The remix of "How Many Licks?" was also praised in retrospective reviews. In a 2015 article, Michael Arceneaux of VH1 called it "an under-appreciated gem" and suggested that Lil' Kim record another collaboration with Neptunes member Pharrell Williams in the future. According to Arceneaux, the remix is treated with "great reverence" by fans. Mark Anthony Neal was more critical of the remix due to Fabolous' lyrics ("Oops, there goes my kids on your face"), saying that the addition changed the song's message from "a celebration of autonomous female sexuality" to a "vulgar, demeaning moment of black female objectification".

Some critics compared Nicki Minaj's 2014 single, "Anaconda" to "How Many Licks". Alex Kristelis of Bustle noted that both songs focused on men's appreciation of the singer's body. A Khaleej Times writer called "Anaconda" a "blatant copy" of "How Many Licks?", with Minaj's song sharing "the lyrical blue print and theme" of Lil' Kim's. Westwords Cory Lamz wrote that Minaj parodied "How Many Licks?" and its associated visuals in the music video for her 2011 single "Stupid Hoe".

== Commercial performance ==
According to Michael Arceneaux, "How Many Licks?" and fellow songs from The Notorious K.I.M. did not fare well on radio. Although media outlets considered it a "hit", the song was less commercially successful than Lil' Kim's previous releases. It reached several Billboard charts in the United States, peaking at number 75 on the Billboard Hot 100 on December 2, 2000 and remaining on the chart for nine weeks. The song also reached number 11 on the Hot Rap Songs chart on December 9, 2000, similarly remaining on that chart for nine weeks. It peaked at number 36 on the Hot R&B/Hip-Hop Songs chart that day, remaining on the chart for 20 weeks.

"How Many Licks?" also charted in several other countries. It peaked at number six on the Dutch Top 40 chart, and remained on the chart for 13 weeks. The single reached number seven on the Ultratop chart in the Flanders region of Belgium, also remaining on that chart for 13 weeks.

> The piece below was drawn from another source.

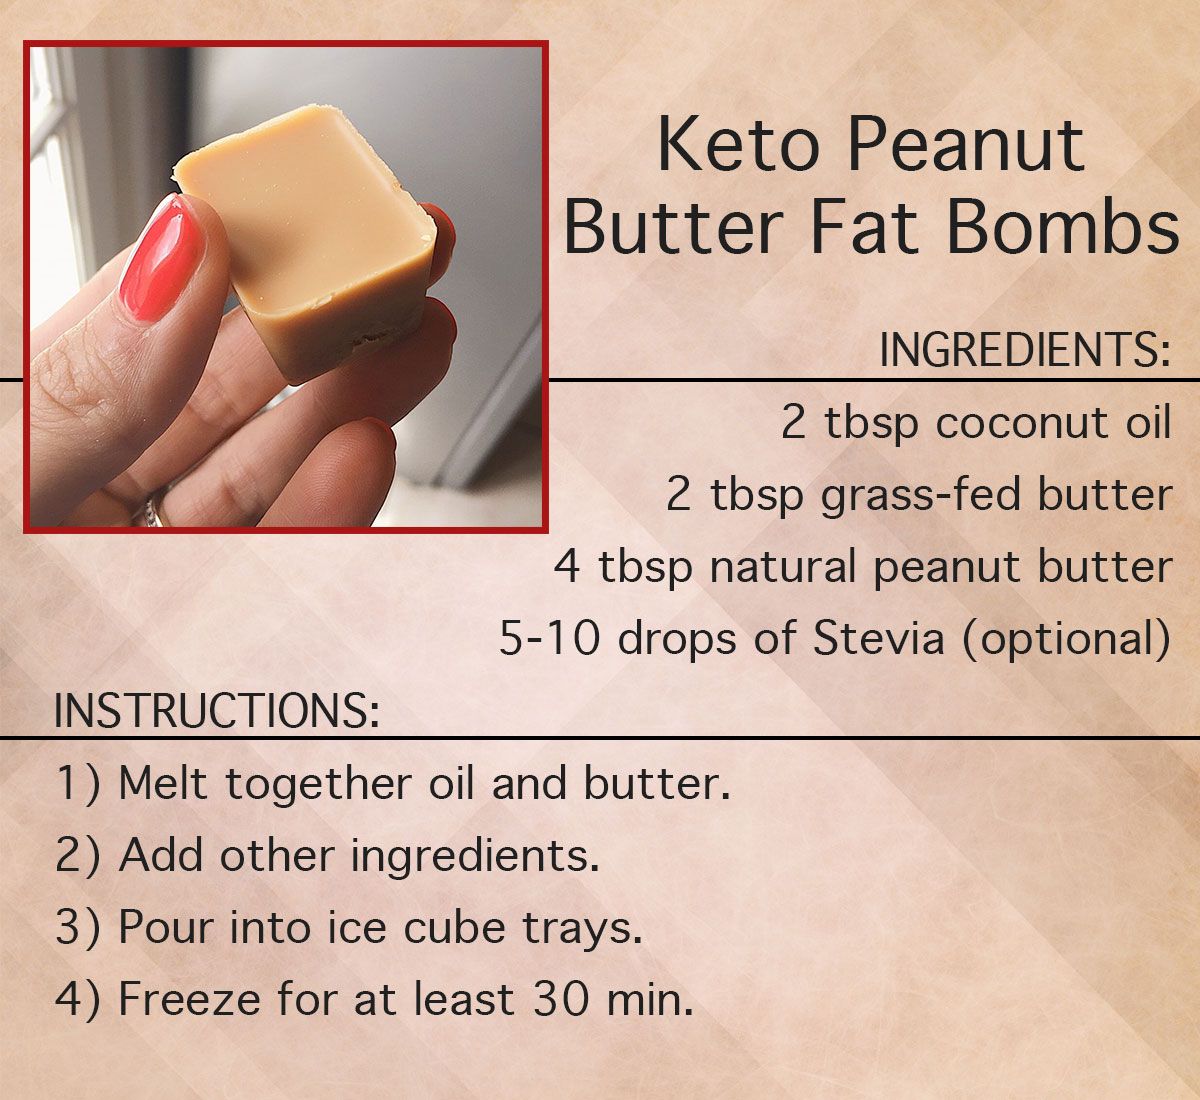 Keto Peanut Butter Fat Bomb Recipe Card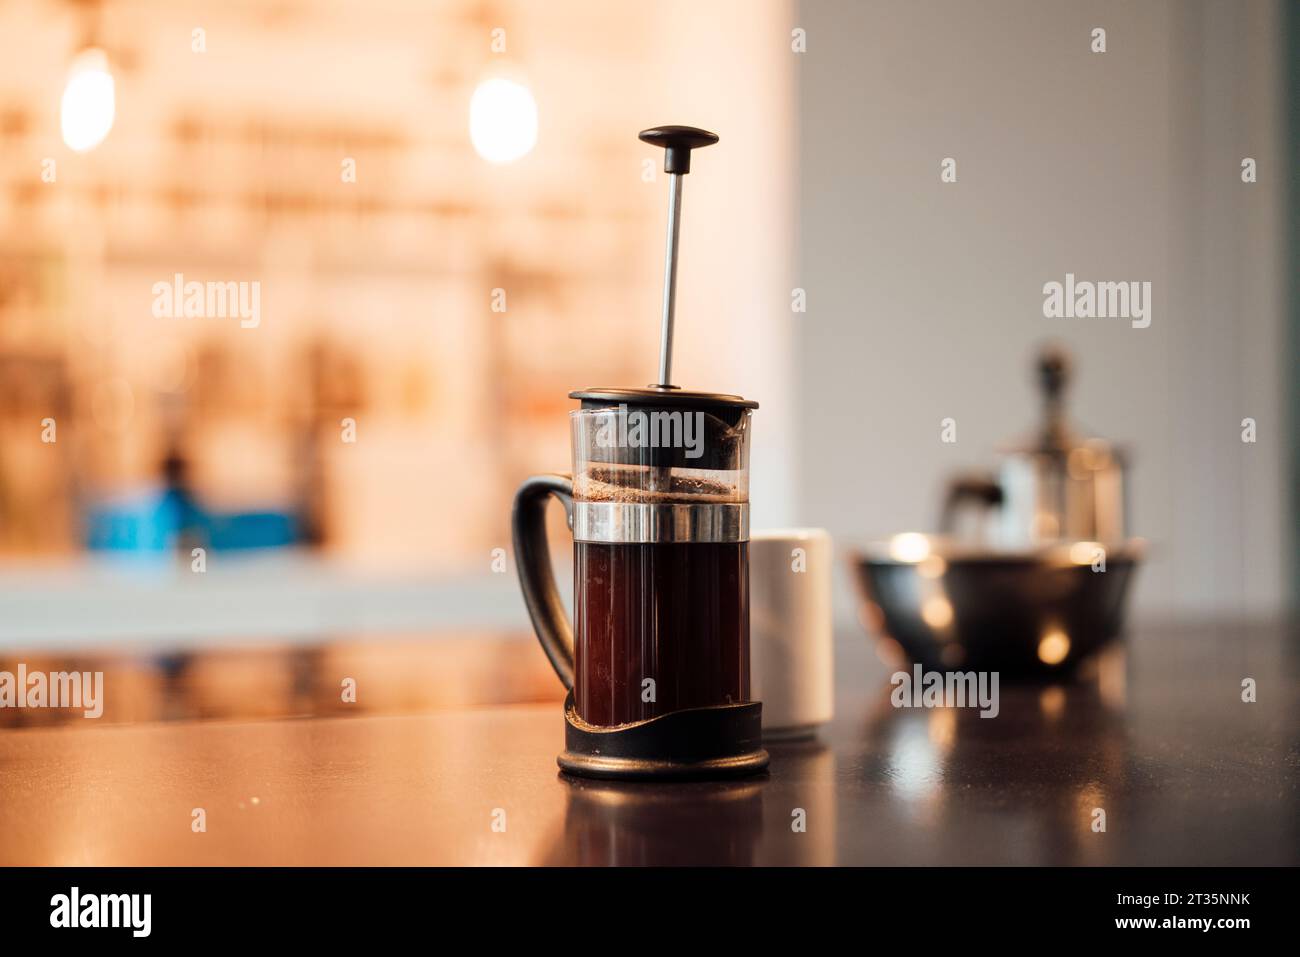 Cafetera francesa fotografías e imágenes de alta resolución - Alamy

It further peaked at number 58 on the German Singles Chart, remaining for eight editions.

== Music video ==

=== Production and release ===
The song's music video, directed by Francis Lawrence, was shot in the Sylmar neighborhood of Los Angeles on October 3 and 4, 2000, and premiered the following month. Discussing the video with MTV News, Lil' Kim said: "This is where I get to get freaky". The rapper described her performance as different personas as "something the whole world has been waiting for". Brad Wete of Billboard wrote that the idea of the rapper as a sex toy was an expansion of her image as a black Barbie. The video was re-uploaded to Atlantic's YouTube channel on October 26, 2009. It was also featured on the 2005 release Lil' Kim: Queen Bee Video Collection.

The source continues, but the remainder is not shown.